Google Editions, the search engine’s effort to follow the trail blazed by Amazon’s Kindle in the market for electronic books, is rolling out this summer with the American Booksellers Association (ABA) as a key partner.
With Google as an ally, the ABA plans to make Google Editions the main source of ebooks on the Websites of hundreds of independent booksellers around the country, according to the New York Times. The deal was originally announced last month, according to Publishers Weekly.
Google Editions will make some 400,000 books available online to readers through any Web browser and Web-enabled device, including laptops, tablet computers and smartphones.
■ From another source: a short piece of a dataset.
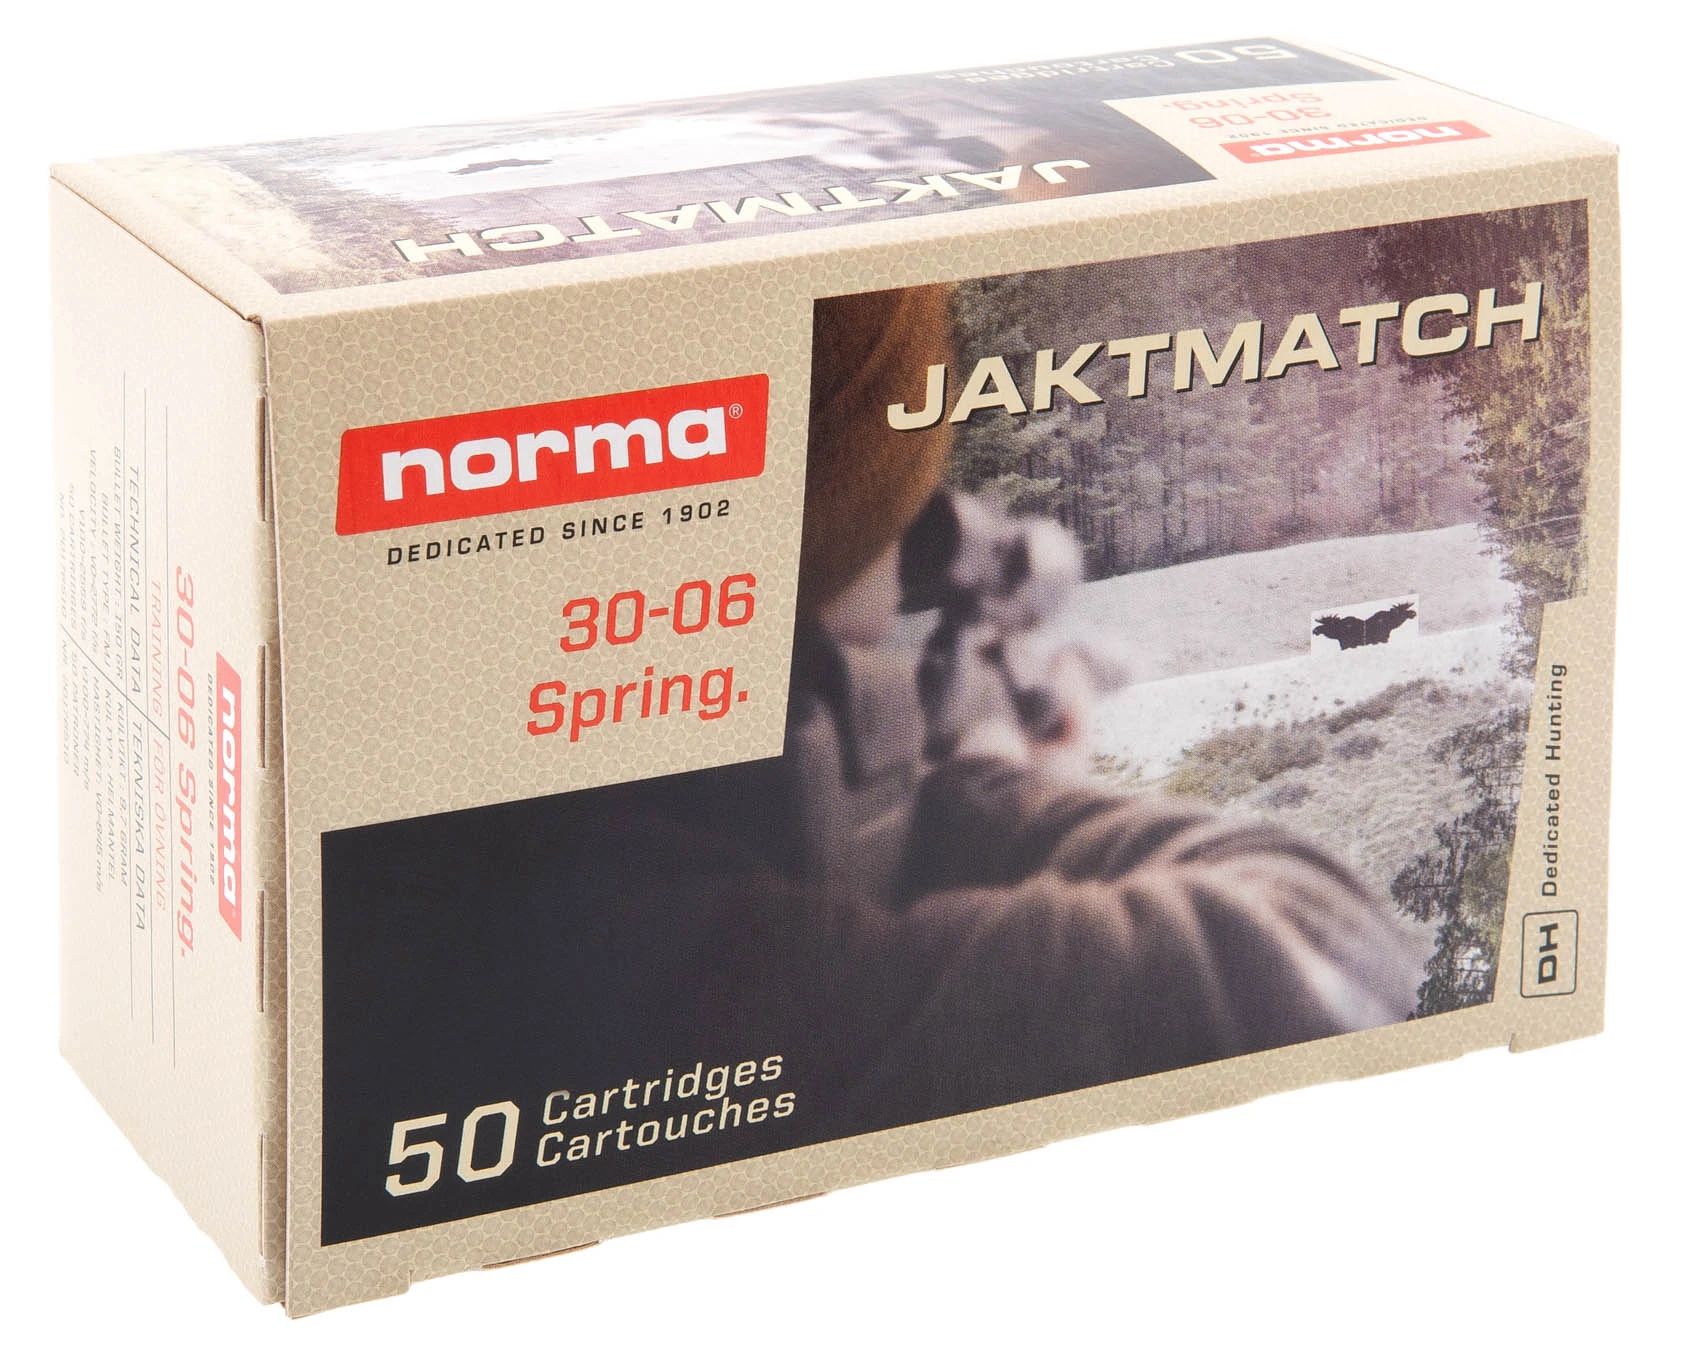 Норма июнь 22. Norma Jaktmatch 30-06 50 Cartridges cartouches. Norma 9.7 FMJ Jaktmatch. Гильзы Norma. Калибр 30 06 Norma.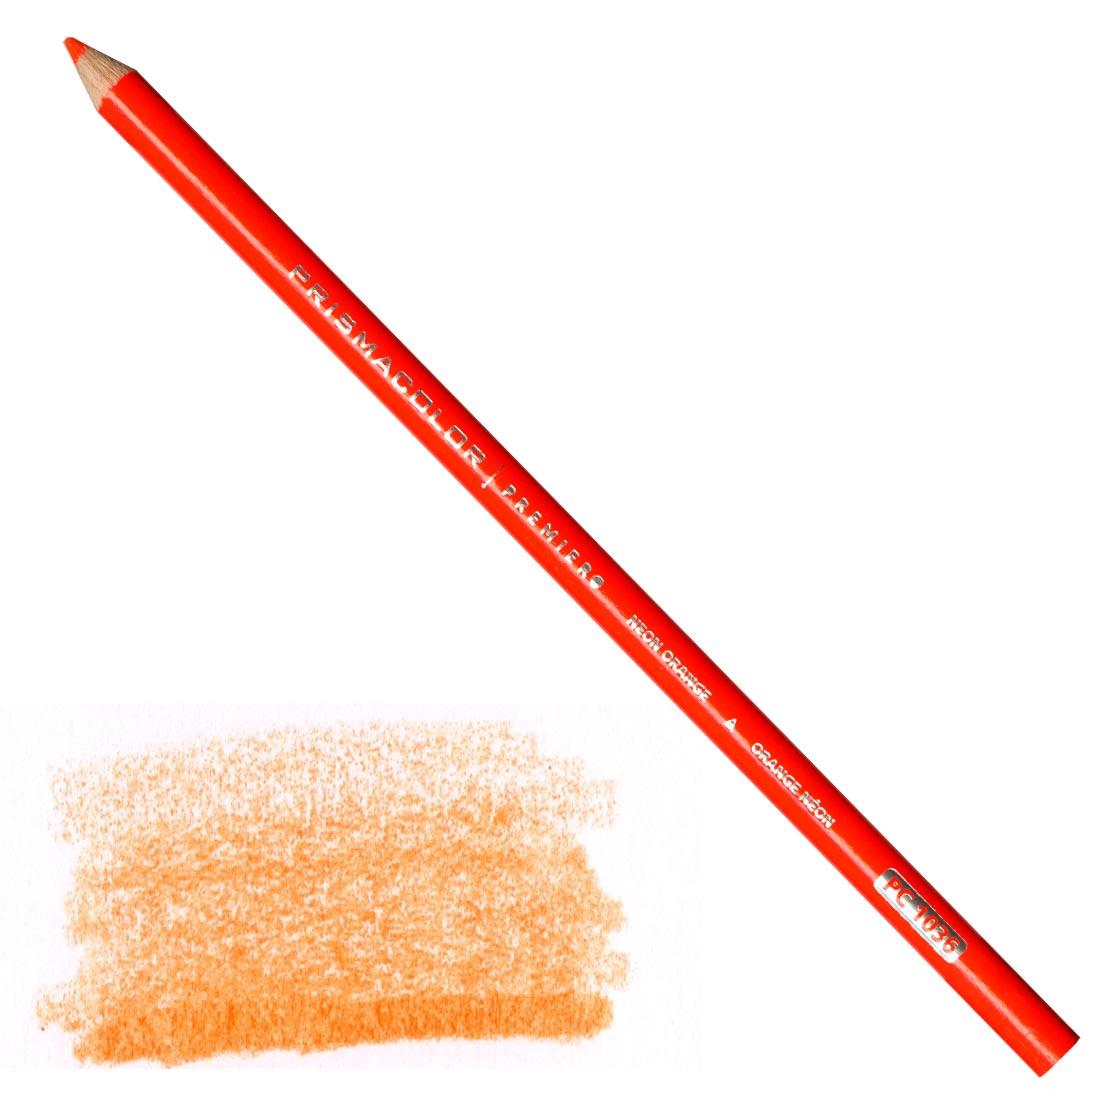 Neon Orange Prismacolor Premier Colored Pencil with a sample colored swatch

Readers will use their Google accounts to purchase the books directly from Google, whose Google Checkout system will serve as the payment platform. Google will pay publishers 63 percent of revenues and keep 37 percent for itself where it sold ebooks directly to consumers.
The search engine will also let independent bookstores in the ABA and others sell their ebooks on their own sites using Editions. In this wholesale model, publishers would get 45 percent, with most of the remaining 55 percent going to the retailer. Google would take a small revenue cut.
The any Web browser, any device model is a departure from the proprietary format and device approaches favored by Amazon with its Kindle e-reader and Apple with its iBookstore for the iPad and iPhone. Those devices tether digital books offered on them with digital rights management software.
Tom Turvey, who leads Google Editions as a director for strategic partnerships, told The New York Times, “I don’t think anyone who has bought an e-reader in the last several years has really intended to only buy their digital books from one provider for life.”
It is fitting that Google is trucking with the ABA. The 1,400 or so independent booksellers in the group have scrambled for survival against book-selling kings like Barnes & Noble and Amazon.
Indie booksellers seem to trust Google in a market where Amazon and Barnes & Noble are aggressively slashing prices to make sure consumers purchase their devices to read books.
Barnes & Noble June 21 cut the cost of its Nook e-reader from $259 to $199. Not to be outdone, Amazon.com that day pared the price of its original Kindle e-reader from $259 to $189.
Meanwhile, Google has scanned more than 12 million books as part of a separate Google Book Search initiative that is in legal limbo.